In order to evaluate the impact of biofilms on viral adhesion to surfaces, viral counts obtained from the three food contact surfaces covered with biofilms were compared to viral counts obtained from the biofilm-free food contact surfaces. Clean coupons of the three types of material were placed separately in 9.5 ml of meat slurry and the three different viruses were added to a final concentration of 105 pfu/ml followed by incubations of 15 min, 90 min, and 24 h at 30 °C. Recovery of the viral particles was performed as shown in Fig. 1 and the assays were all performed in triplicate. Viral enumerations of infectious RoV, HAV, and MNV were performed as described in the following sections from the concentrated suspensions obtained from both the biofilm-covered and biofilm-free coupons.

Viral Enumeration of Rotavirus

Rotavirus enumeration was conducted according to the Arnold et al. protocol (Arnold et al., 2009) with some modifications. Briefly, MA-104 cells were grown in six-well plates with M199 media (supplemented with 5% FBS, 100 U/ml penicillin, 100 µg/ml streptomycin) and incubated at 37 °C with 5% CO2 for 3 days to obtain a confluence. In order to activate the viruses, samples were incubated with 10 µg/ml of trypsin (Sigma, Oakville, ON, Canada) at 37 °C for 1 h. Then, samples were diluted in tenfold dilutions in serum-free M199 media and 500 µl was plated per well in duplicate and incubated for 1 h at 37 °C with 5% CO2 on a rocking platform. The inoculums were removed from wells and 3 ml of warmed EMEM 2X overlay medium (containing EMEM 2X without phenol red with 5% FBS, 5 mM HEPES, 50 U/ml penicillin, 50 µg/ml streptomycin, 2 mM l-Glutamine, 2% SeaPlaque agarose, and 0.5 µg/ml of trypsin) were added to each well and plates were incubated at 37 °C with 5% CO2 for 4 days. Plaque visualization was possible with the addition of a second overlay containing EMEM supplemented with 2% SeaPlaque agarose and 25 µg/ml of neutral red after a 24-h incubation at 37 °C with 5% CO2.
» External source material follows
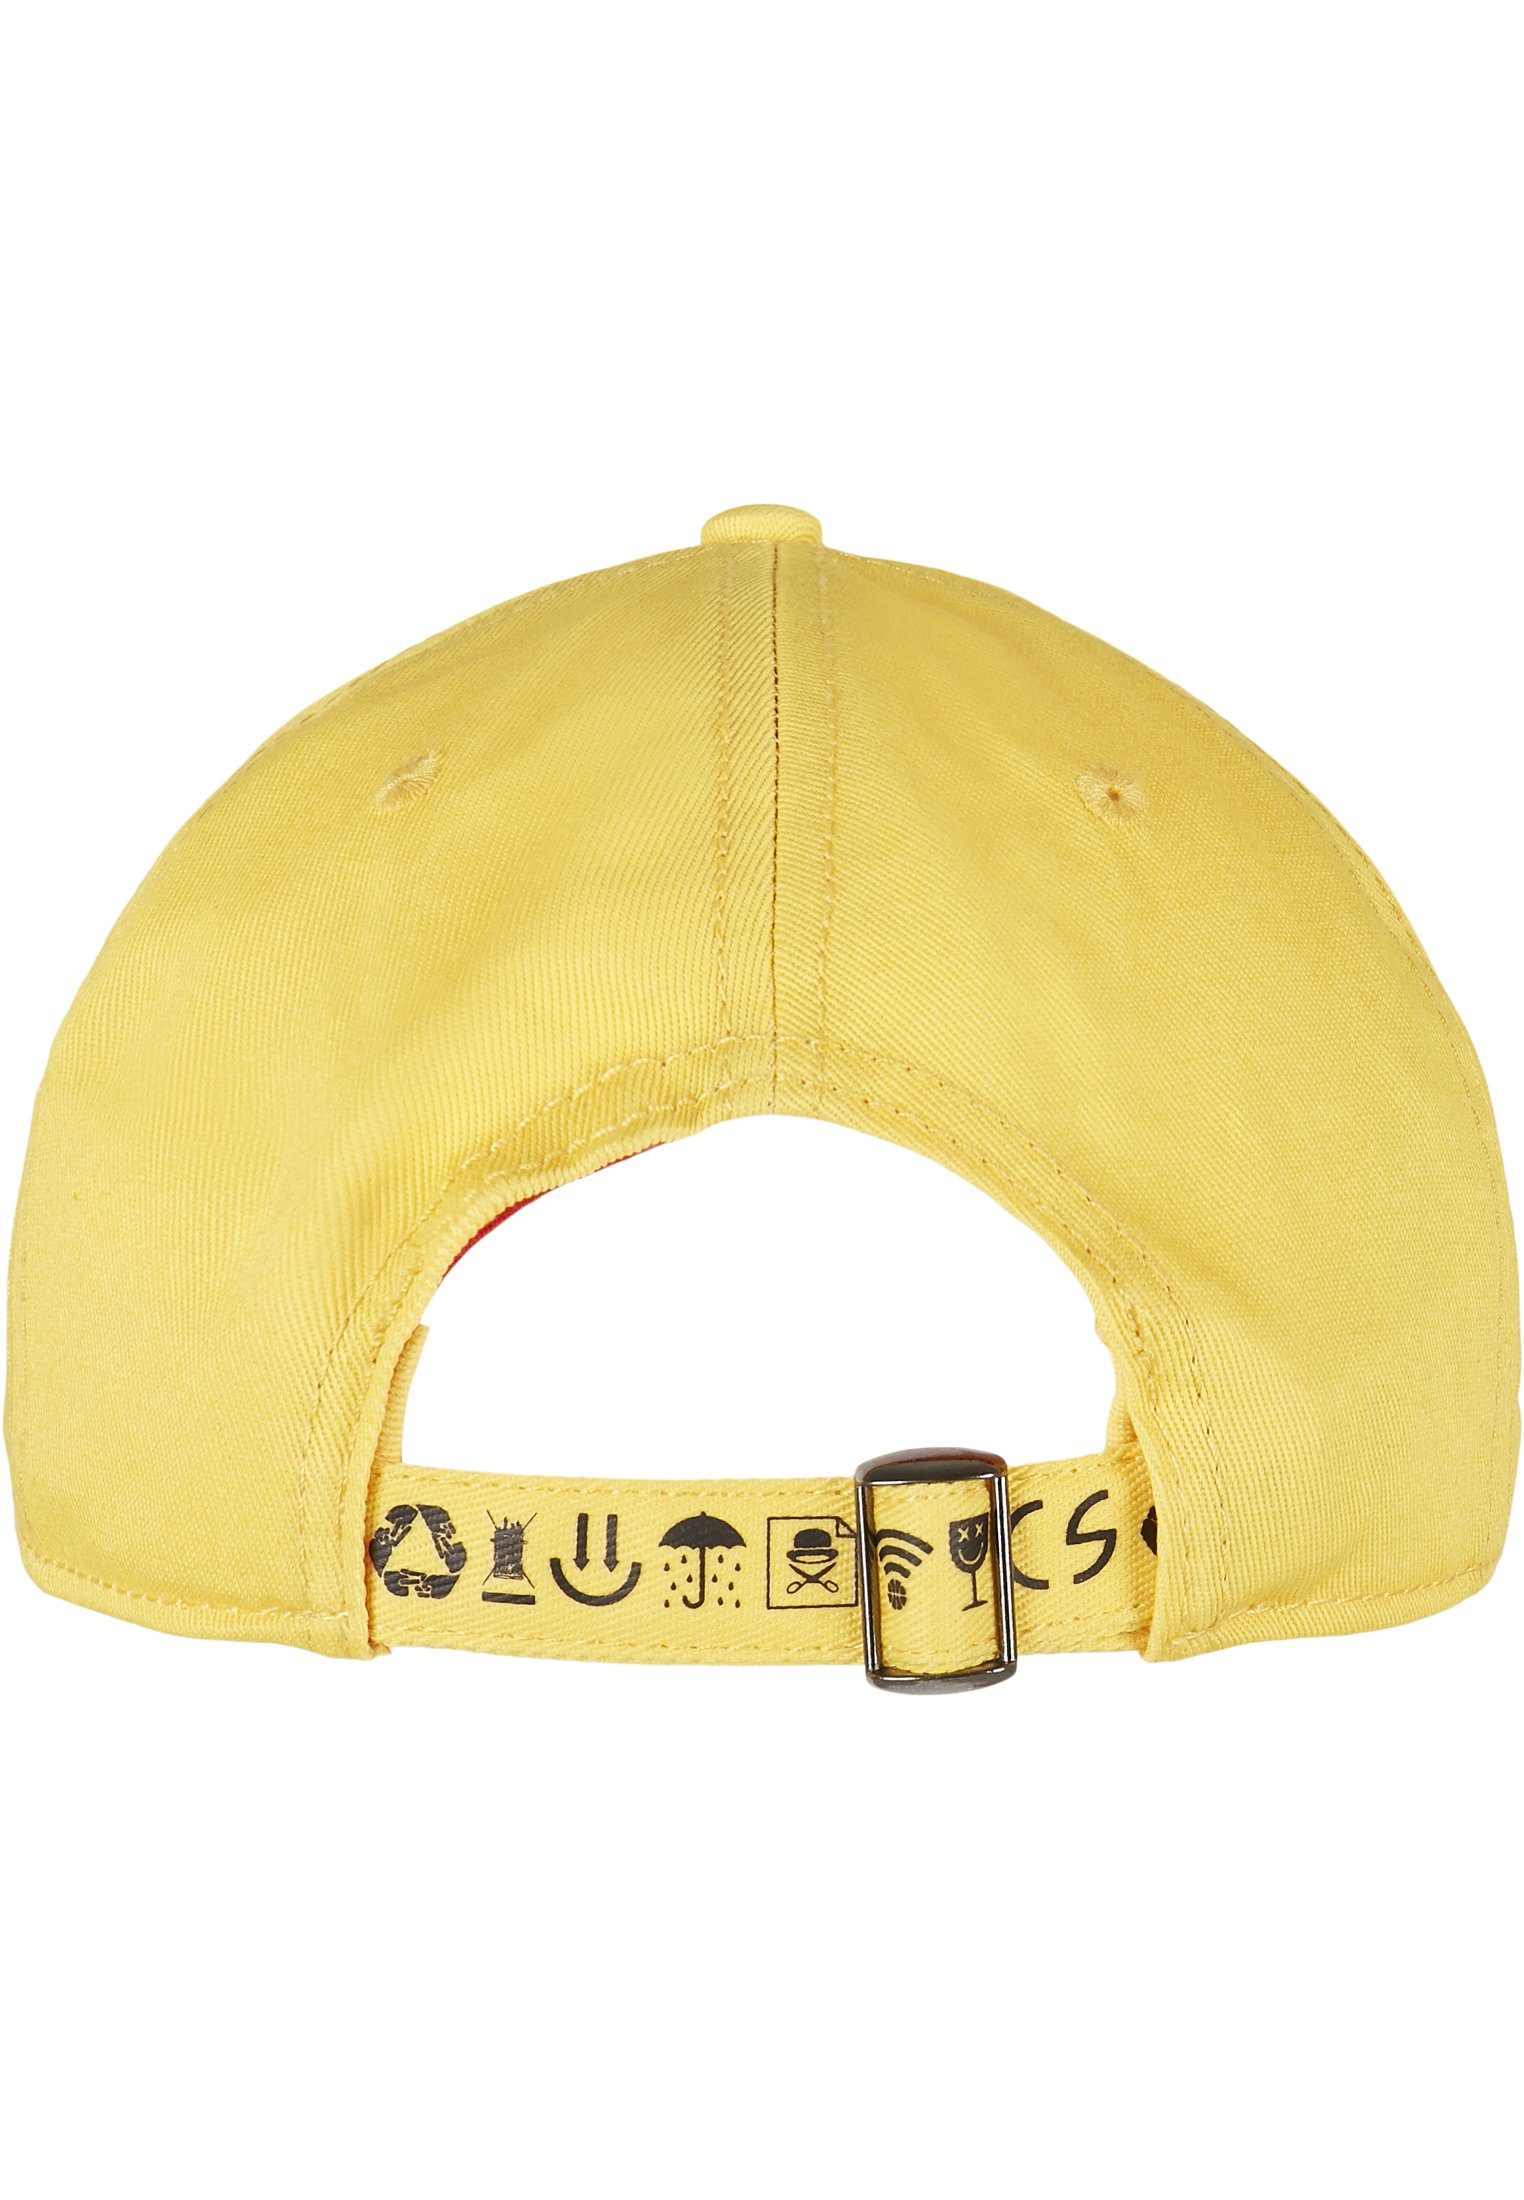 SONS & Flex Cap CAYLER Curved Iconic Cap C&S Peace yellow/multicolor
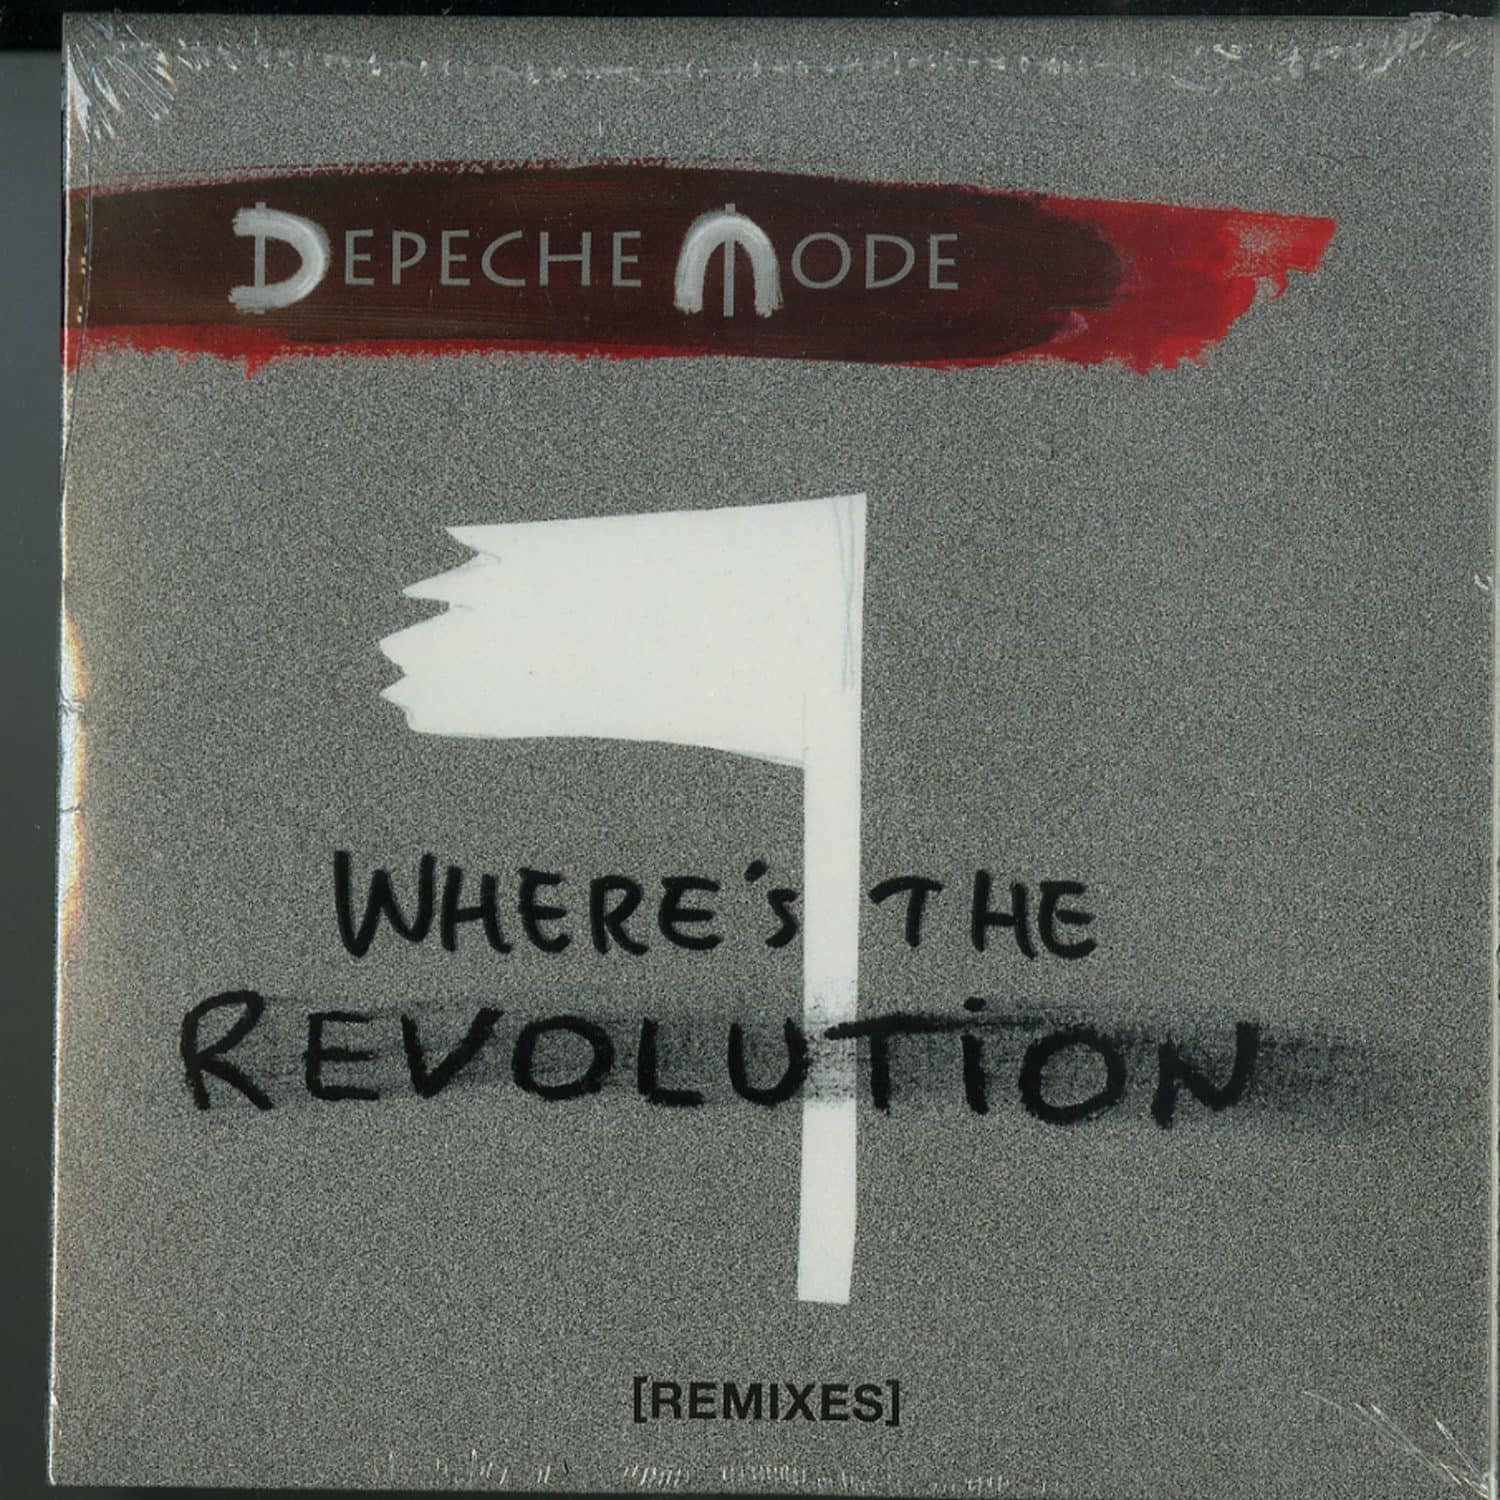 Depeche Mode - WHERES THE REVOLUTION REMIXES

Viral Enumeration of Hepatitis A virus

HAV quantification was done as described by Bozkurt et al. (2015) with slight modifications. Enumerations of viable particles were conducted using confluent FRhK-4 cells in 6-well plates with DMEM/F12 media supplemented with 10% FBS, 100 U/ml penicillin, and 100 µg/ml streptomycin (Wisent Bioproducts, Boucherville, QC, Canada) and incubated at 37 °C with 5% CO2 for 3 days. Samples were tenfold diluted in DMEM/F12 (supplemented with 2% FBS, 100 U/ml penicillin, and 100 µg/ml streptomycin) before being inoculated at 500 µl per well in duplicate. Plates were incubated for 90 min at 37 °C with 5% CO2 on a rocking platform. Then, inoculums were removed from wells, and cells were overlaid with 2 ml warmed EMEM overlay medium [4 mM l-glutamine, 0.22% sodium bicarbonate, 0.20% non-essential amino acids, 100 U/ml penicillin, and 100 µg/ml streptomycin and 1% SeaPlaque agarose (Lonza, Mississauga, ON, Canada)]. Plates were incubated at 37 °C with 5% CO2 for 7 days. After incubation, cells were stained with 2 ml/well of 0.33% neutral red solution in PBS at 37 °C with 5% CO2 for 1 h. Neutral red solution was removed and plaques were counted in plaque-forming units/ml (PFU/ml).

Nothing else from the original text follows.